Hi Donna,
Welcome to the Dream Forum and thank you for posting. Keep checking in as others will add their replies here too.
You've listed some of the most common recurring dream themes. I'll look at one with you and I'm sure other people will give their interpretations, suggestions, questions and personal experiences on the others you've mentioned.
You'll also find plenty of general information on why dreams recur (and much more) on the FAQ page here:
http://www.dream.net.au/library/faq.cfm
Okay, I'll go for the house dreams with the hidey-secret rooms:
If the houses in our dreams are not houses known to us in waking life, they tend to symbolise our mind.
The many 'compartments' of the mind become the many rooms of the dream house. For example, the dark basement of the dream house can represent the unconscious, whereas the higher levels of the house can symbolise the higher levels of the mind (higher intellect, spiritual levels and so on).

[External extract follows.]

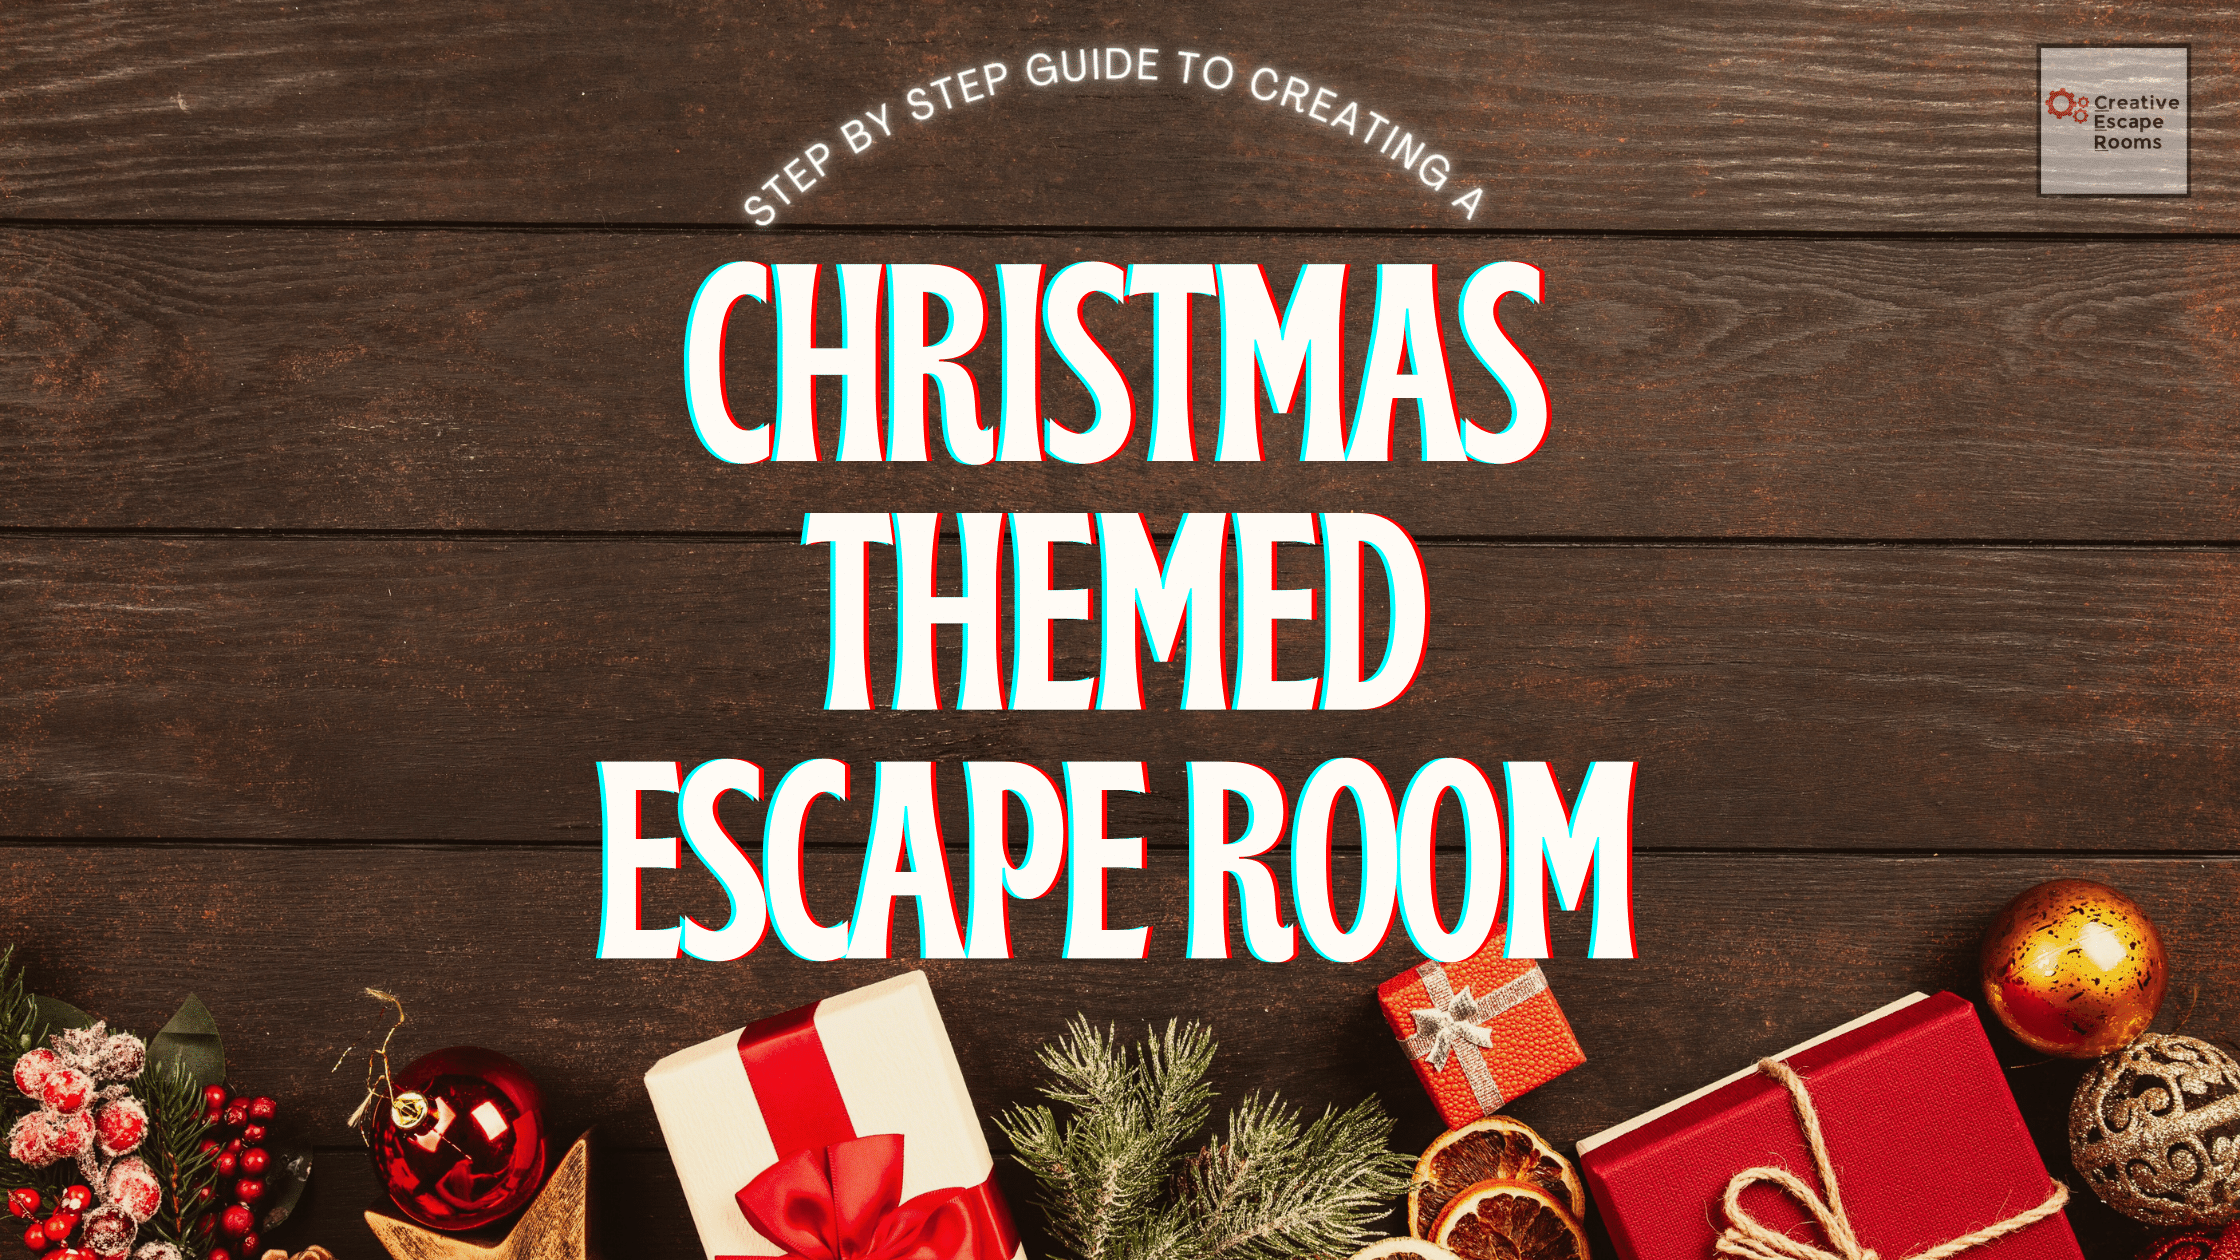 Crafting a Holiday Adventure: How to Create a Christmas-Themed Escape Room
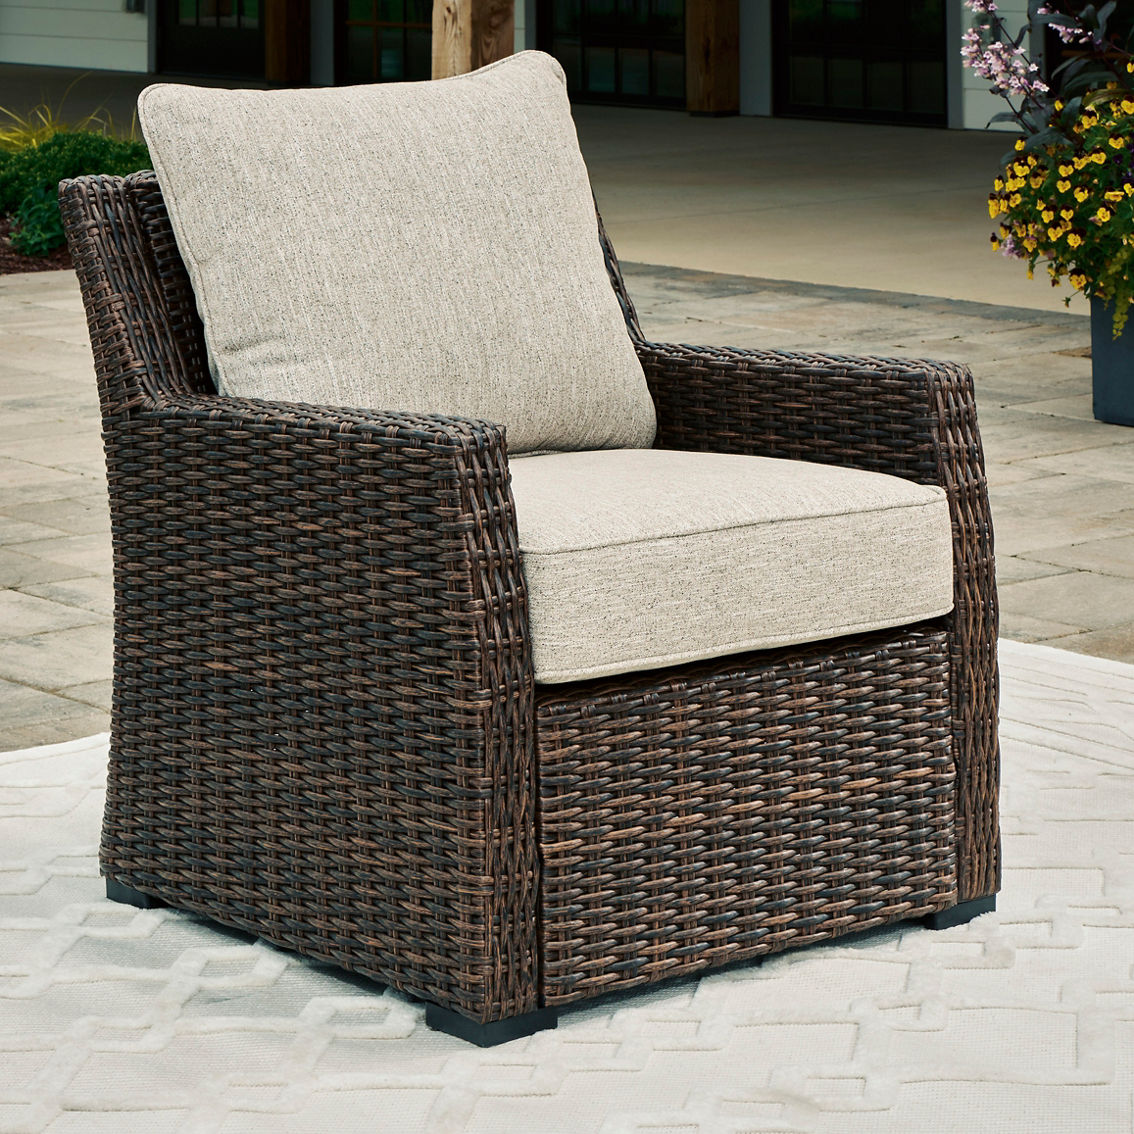 Signature Design by Ashley Brook Ranch 3 pc. Outdoor Sectional Set - Image 4 of 5

The various rooms can reflect the various areas of the mind: the kitchen often symbolising nurturing, the bathroom tending to represent emotional cleansing and so on.
A common house dream is to find an extra room in a house, or a house with many rooms crying out to be used. This dream often comes up when the dreamer is beginning to acknowledge extra room for growth (unused potential).
House-hunting tends to symbolise the dreamer's search for new ways of thinking, being and expressing. In your dreams you are attracted to hidey-secret places, suggesting that you have a desire for more privacy or a need to hide from some aspects of life ... or from some aspects of yourself.
Our dreams show us where we're at. They are reflections, not judgements.
Your hidey-secret places dream could be explored to see why you feel drawn towards secrecy, privacy or hiding from something in your waking life. This is a process you can explore yourself. The more detailed your dream report is, the more likely an interpreter can help you to discover the motivations behind the hidey-secrets within the dream itself.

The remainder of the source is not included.